The families shared that experience.
“I tried to work with the U.S. government when Jim was captured. It was terrible at the time. It was nobody’s job. There was no inter-agency group working on this issue. It was just up to the administration as to whether his captivity was a priority, and with Jim, it wasn’t,” Foley’s mother Diane previously told USA TODAY.
An American is detained or goes missing abroad: What happens next?
Staying on message with the White House
Amerine, in testimony before Congress, and others pushed successfully for the creation of a “hostage fusion cell” and special U.S. envoy to strategize and coordinate such prisoner swap negotiations.
In August 2015, the Obama administration did just that, creating the Office of the Special Presidential Envoy for Hostage Affairs.
“The most typical way it happens is through intermediaries; you find access agents and you say, ‘Hey, what do they want?’ And then you’re just playing the telephone game to work it out,” Amerine said. And with the special envoy in place, he said, “you have people you could take it to who could basically dissect it and take it to the White House to get authorization to carry out the deal.”
That’s what happened in Griner’s case and others, according to Amerine and other former U.S. officials, including Trump National Security Adviser John Bolton.

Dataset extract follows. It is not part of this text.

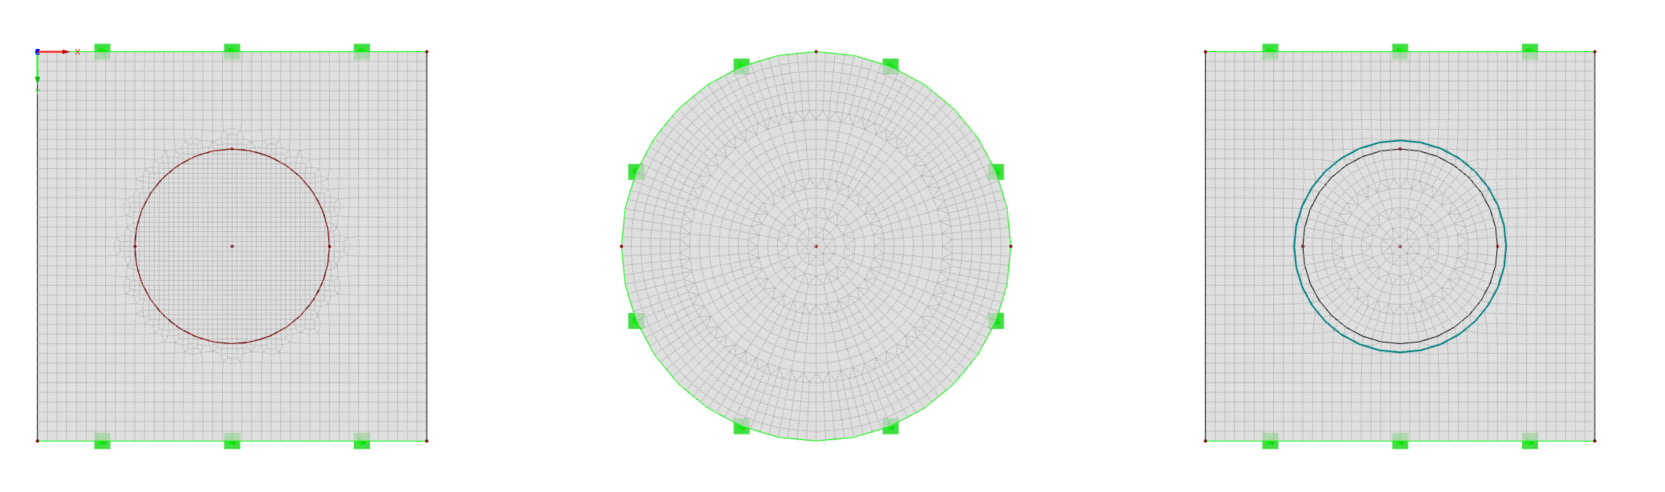 Géométrie de base avec un maillage radial

During the Trump administration, Bolton and other top national security advisors told the president that “quid pro quos” like those sought for Whelan and others deemed unfairly detained were bad for anyone other than spies and prisoners of war because they incentivized governments like Iran and Russia to simply “stockpile” civilian Americans to be used as political bargaining chips, Bolton told USA TODAY.
But ultimately the president is the one making the final decision, and Trump often ignored their advice, Bolton said.

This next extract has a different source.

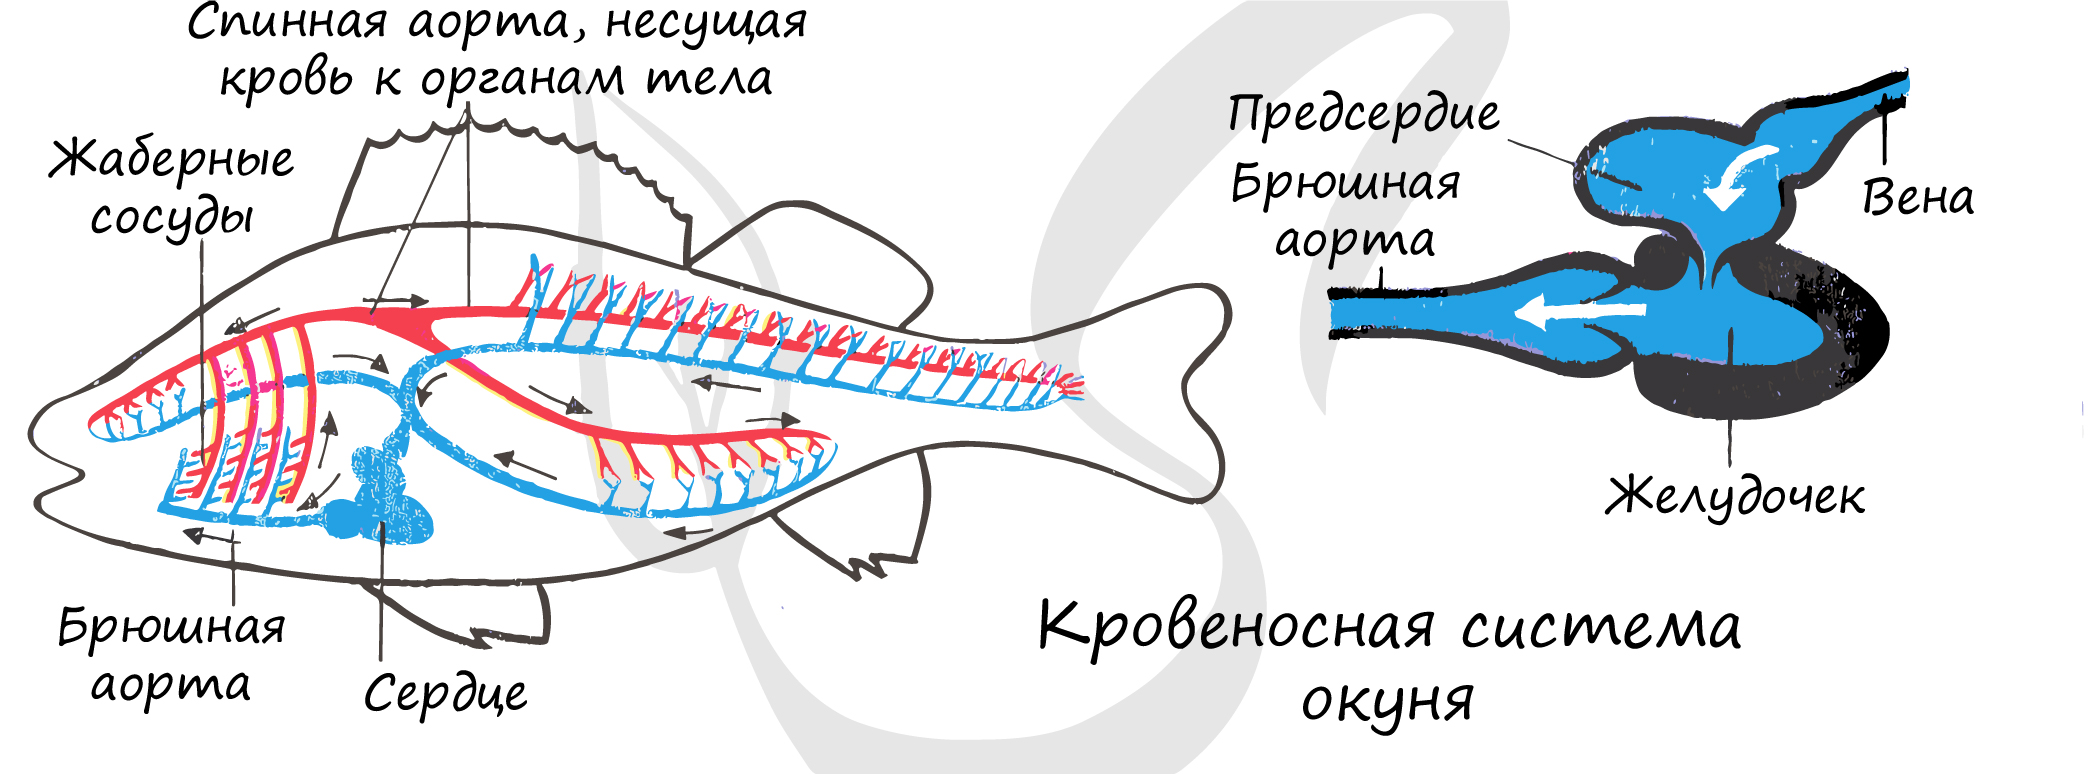 Замкнутая дыхательная система. Схема строения кровеносной системы костной рыбы. Кровеносная система рыб схема 7 класс. Внутреннее строение речного окуня кровеносная система. Кровеносная система у рыб представлена кровообращения.

Bolton too stressed the importance of using whatever independent liaisons are available, especially established ones like Richardson – as long as they stay on message with the White House.
Paul Whelan: Russian prisoner swap brings home Brittney Griner, but not Whelan
“I think the difficulty is that these groups measure their success by how many Americans they get released. And I think they’re more or less indifferent to how it gets done,” Bolton said. “So if you’re taking the position that you don’t want to do quid pro quo swaps, to have somebody else involved who has done and advocated those kinds of swaps sends a message to the captor that is confusing at best and potentially harmful.”

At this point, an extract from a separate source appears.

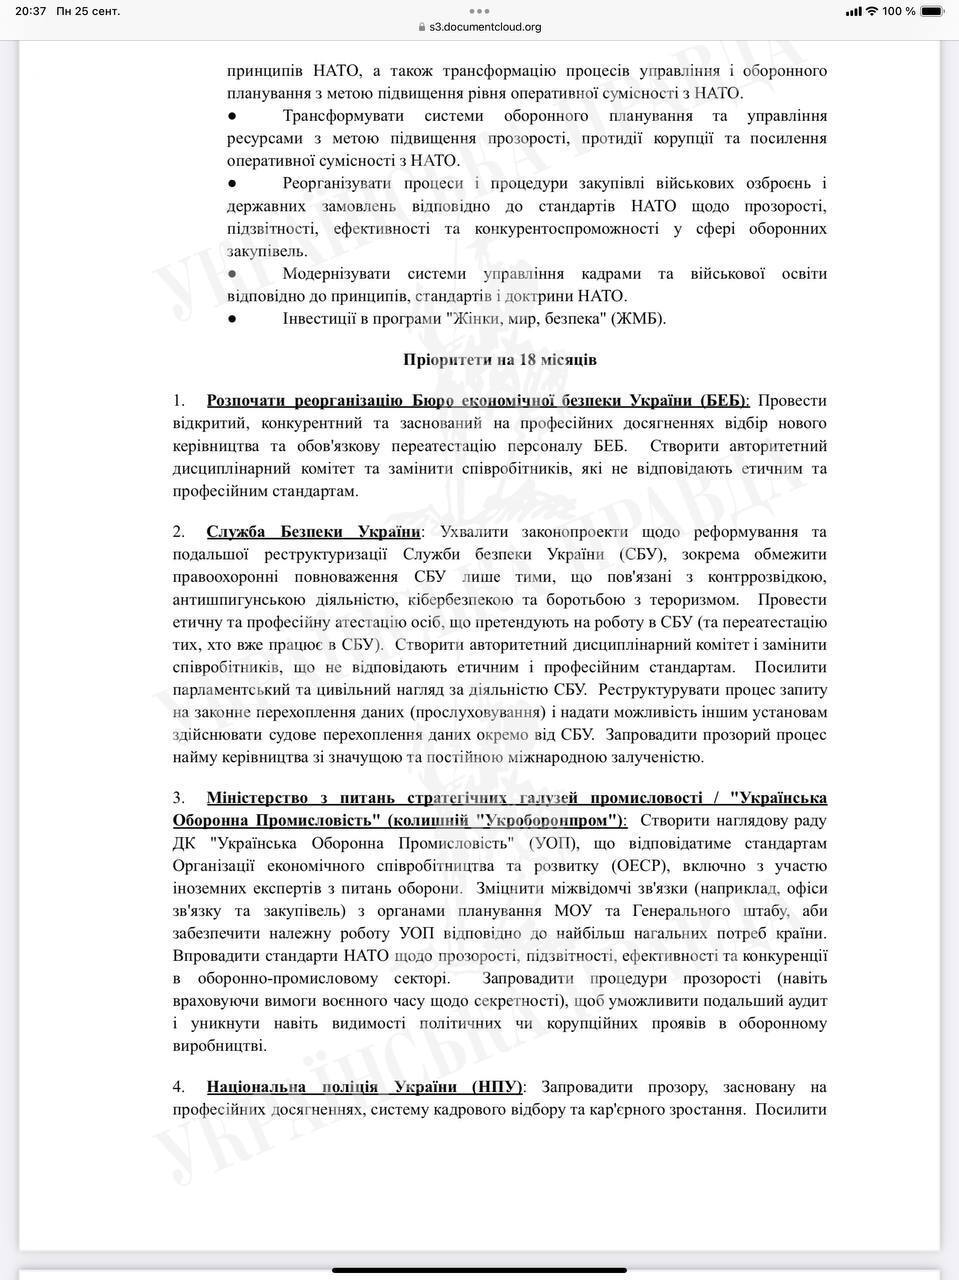 "Основа для консультацій": у США прокоментували лист із переліком реформ, які потрібно провести Україні

Bolton declined to discuss the details of cases during his tenure, including Whelan’s. But, he said, “If there was a way to make an argument or make an appeal to some authoritarian government to release somebody for reasons that a U.S. government official couldn’t articulate well enough, I didn’t have any problem with it.”
Neither does David Whelan, brother of wrongfully detained former U.S. Marine Paul Whelan.
“We’re a portrait painter, an engineer and librarian. That’s who Paul’s siblings are. And we don’t have any idea how any of this works,” he said in an interview.
“We just know we want our brother home, and so to the extent we can get the people who can get the work done, who know the information to do it, we put our trust in them.”